The overall goal of this proposal is to gain new understanding into the mechanisms of atherosclerosis. The specific objective is to investigate how platelet-derived growth factor (PDGF) regulates glucose transport and insulin receptor signaling to influence phenotypic changes in vascular smooth muscle cells (VSMCs). The development of vascular complications in nondiabetic and diabetic patients correlates closely with increased VSMC glucose metabolism and dysregulated insulin signaling. Preliminary studies reveal that PDGF-induced VSMC proliferation is accompanied by enhanced glucose uptake through glucose transporters (GLUTs) and impaired insulin receptor signaling. Serine phosphorylation or downregulation of insulin receptor substrates (IRS-1/2) by PDGF attenuates insulin-induced IRS-associated phosphoinositide 3-kinase (PI 3-kinase) activity. We therefore hypothesize that PDGF contributes to vascular proliferative disease by altering glucose transport and insulin receptor signaling in VSMCs.
Specific Aim 1 will determine the mechanism by which PDGF alters VSMC glucose transport and insulin signaling and its functional consequences in the glycolytic, proliferative, and contractile phenotype.

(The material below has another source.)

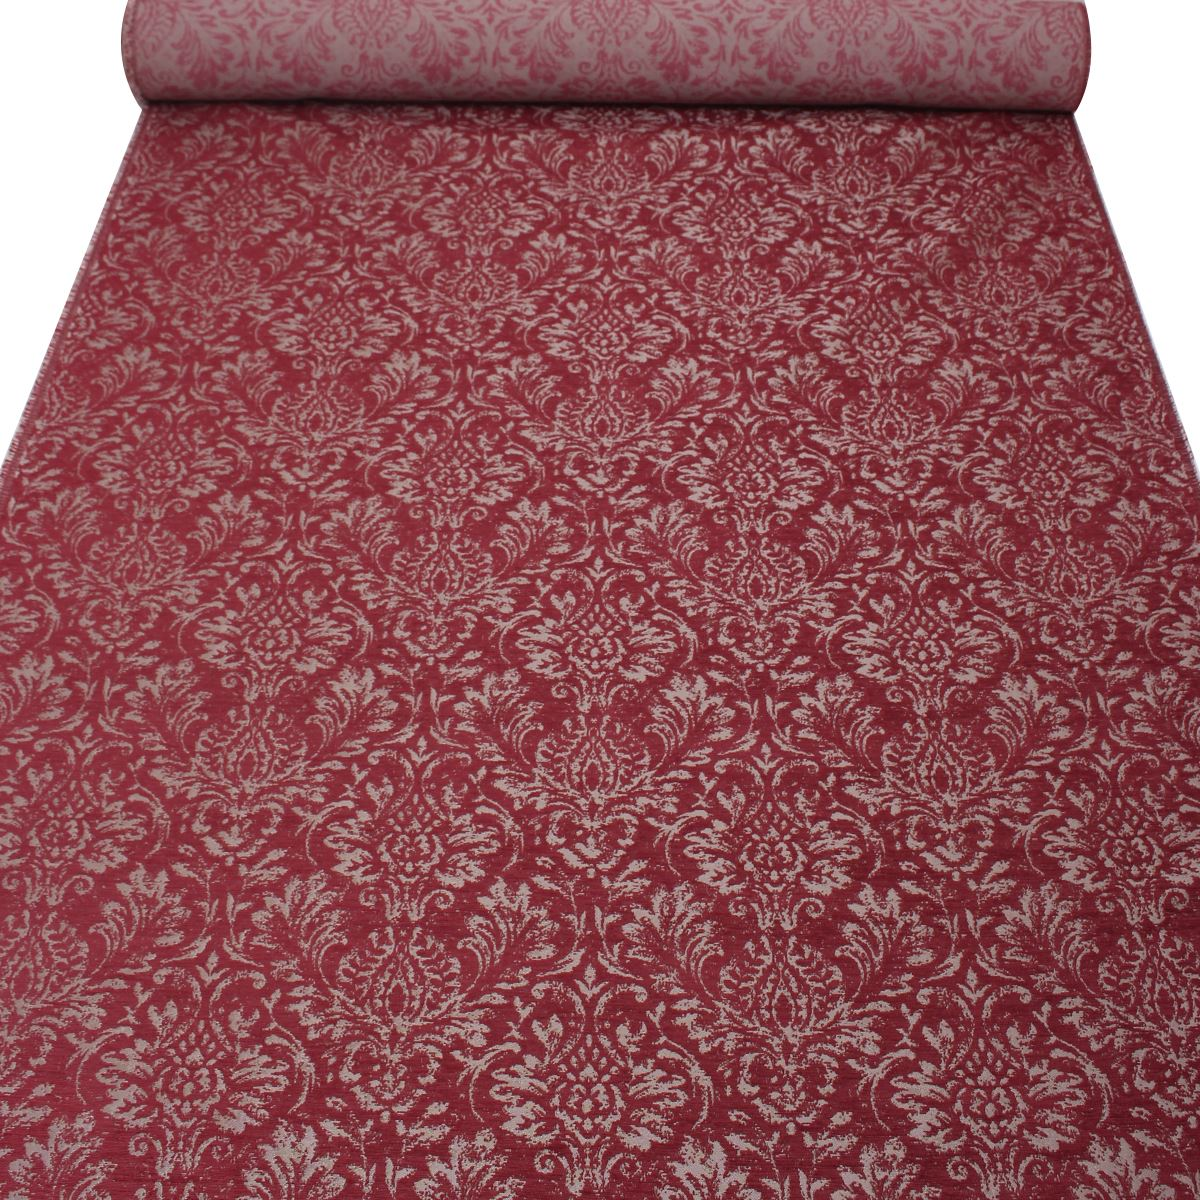 Velvet Chenille Fabric Sofa: Brilliance Damask Slubbed Vintage Velvet Chenille Woven

This aim will use human aortic VSMCs to determine the differential effects of PDGF and insulin on glucose uptake, glycolysis, GLUT-1/GLUT-4 expression and translocation, IRS- 1/2 expression and phosphorylation, and the key signaling events/SRF transcription factor that regulate glycolytic, proliferative, and contractile phenotype. Constitutive overexpression and gene-silencing strategies will be employed to elucidate the distinct roles of GLUT isoforms and IRS isoforms in regulating VSMC phenotype.

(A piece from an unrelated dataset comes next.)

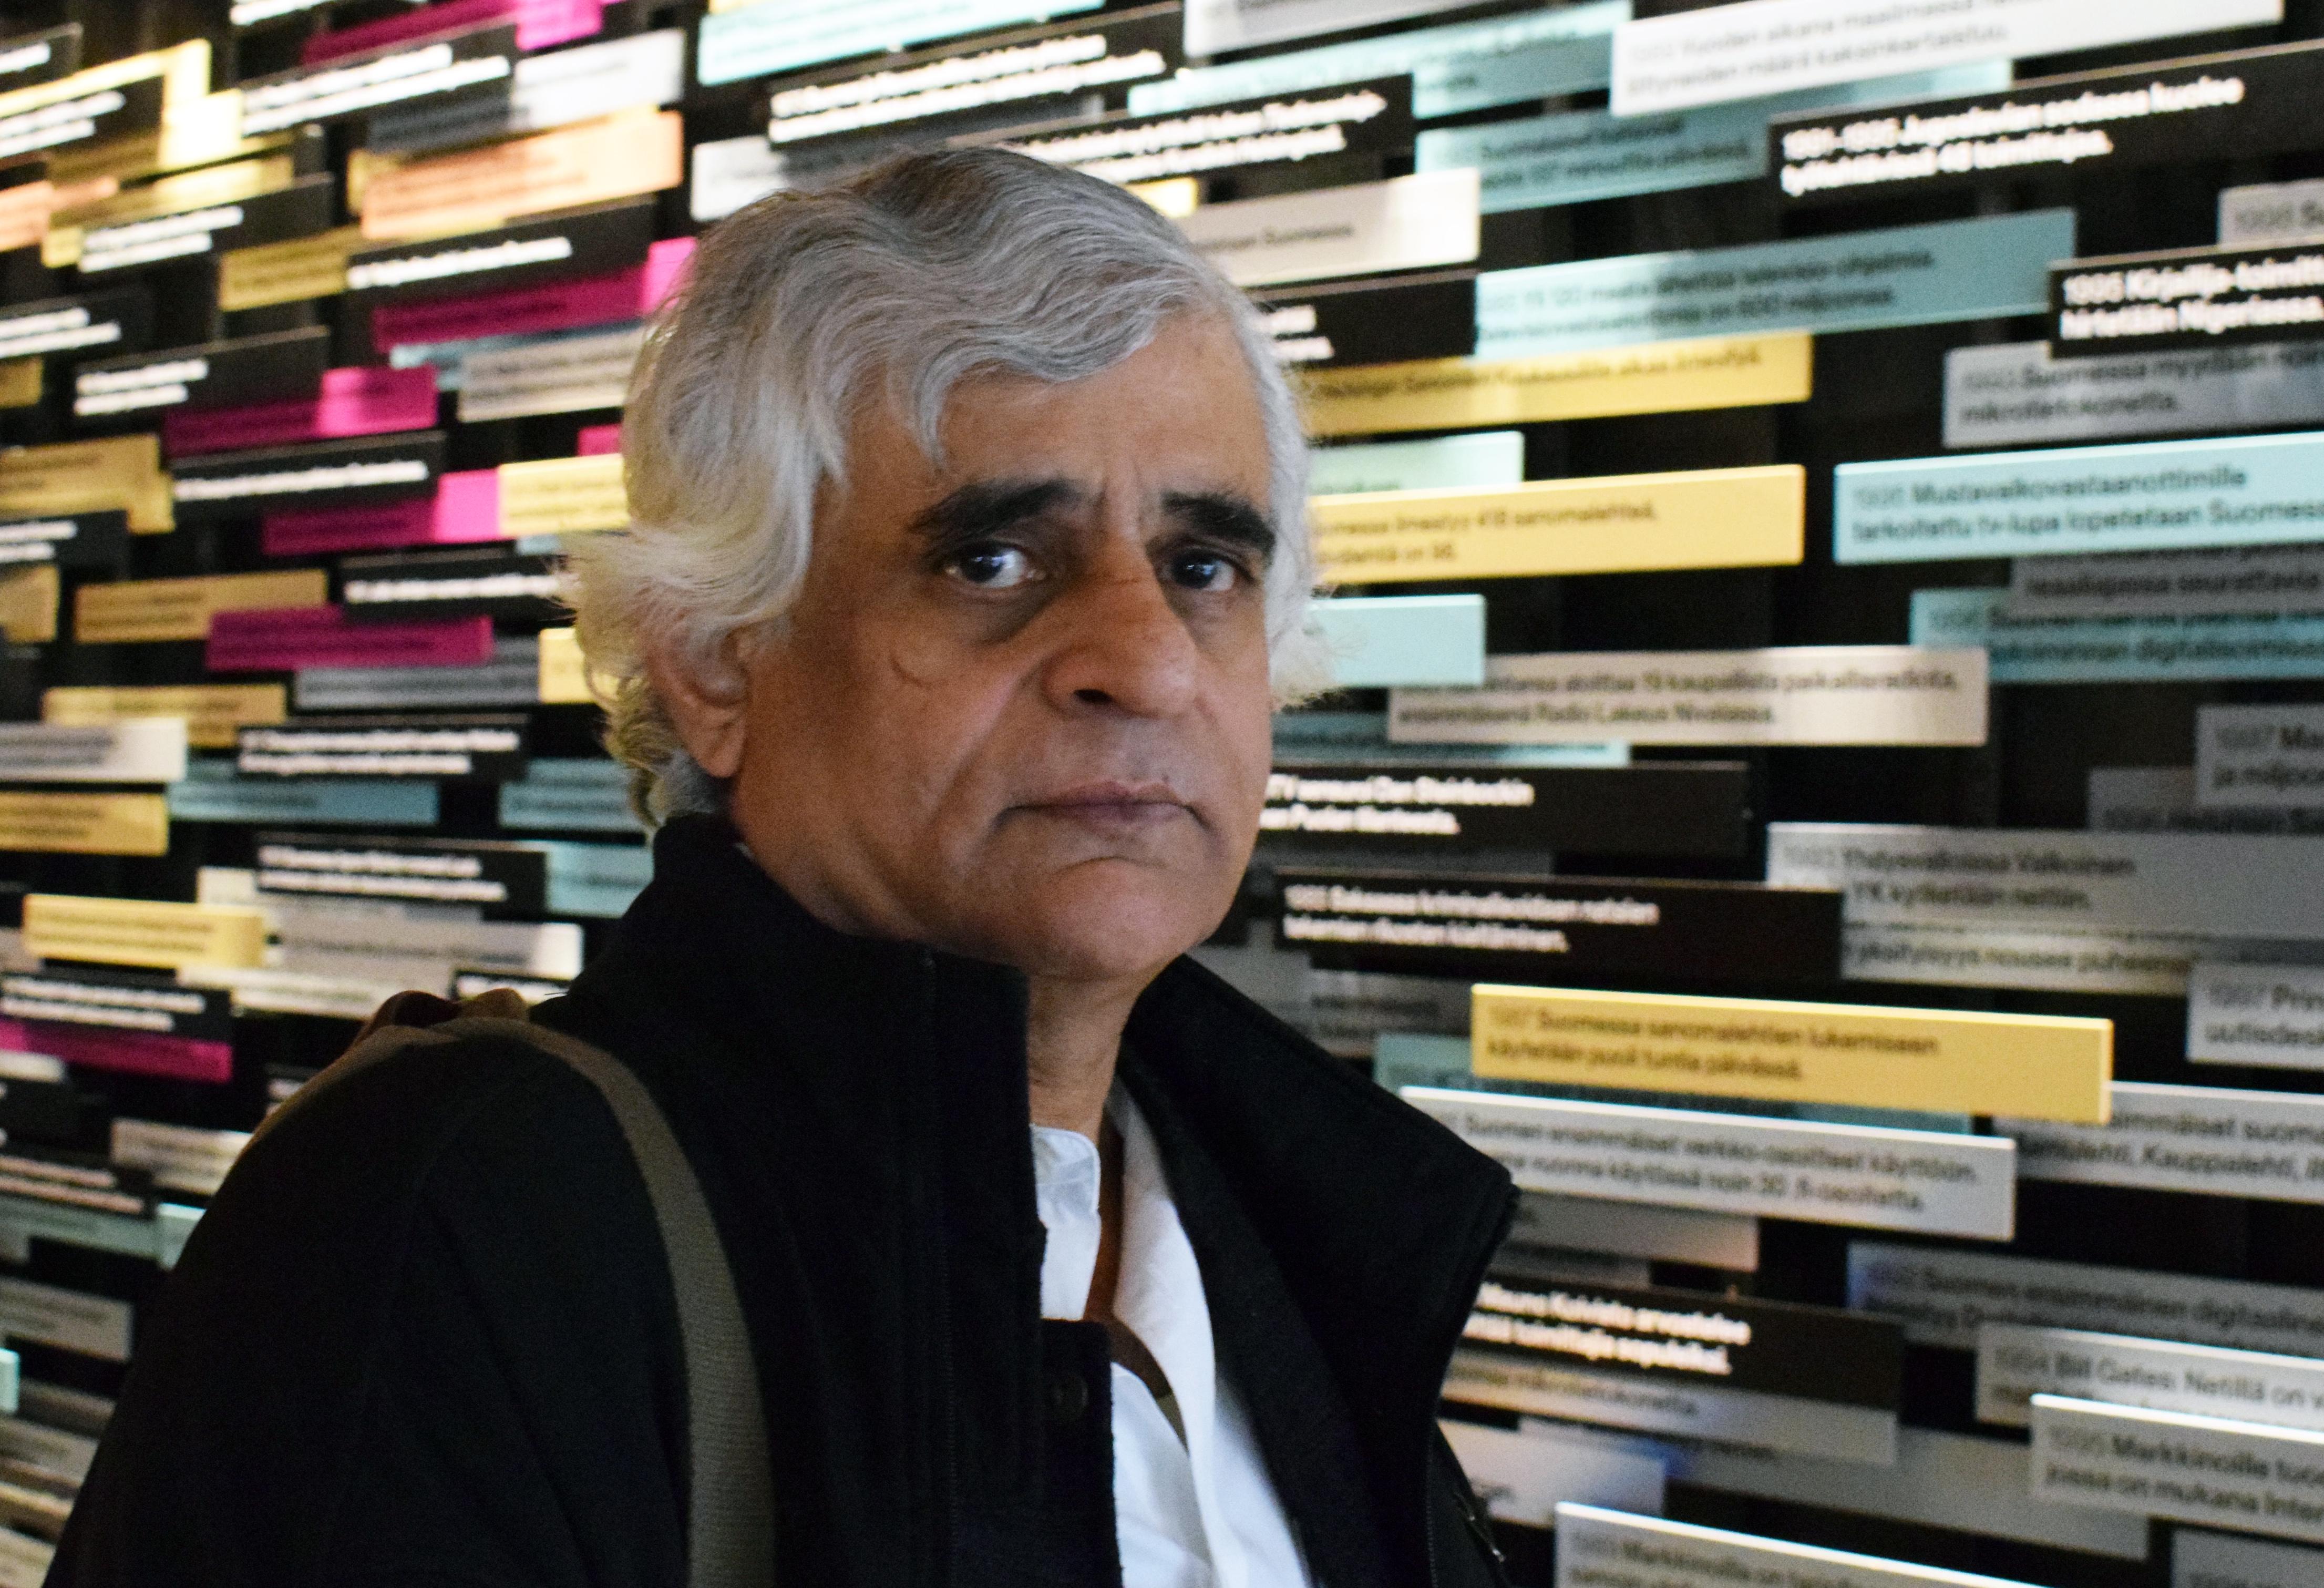 Toimittaja P Sainath

Specific Aim 2 will determine the mechanism by which systemic insulin resistance and/or GLUT4 deficiency alter injury-induced neointimal growth and PDGF- vs insulin-induced glucose transport.
This aim will employ femoral arterial injury model in high-fat fed mice and GLUT4-null mice, to determine the roles of endogenous PDGF and glucose transporters toward neointimal growth, and the effects of intravenous PDGF vs insulin on neointimal glucose metabolism.
Specific Aim 3 will determine the mechanism by which diabetes alters VSMC glucose transport and insulin signaling and its functional consequences in conduit vessel neointimal growth and vasoconstriction.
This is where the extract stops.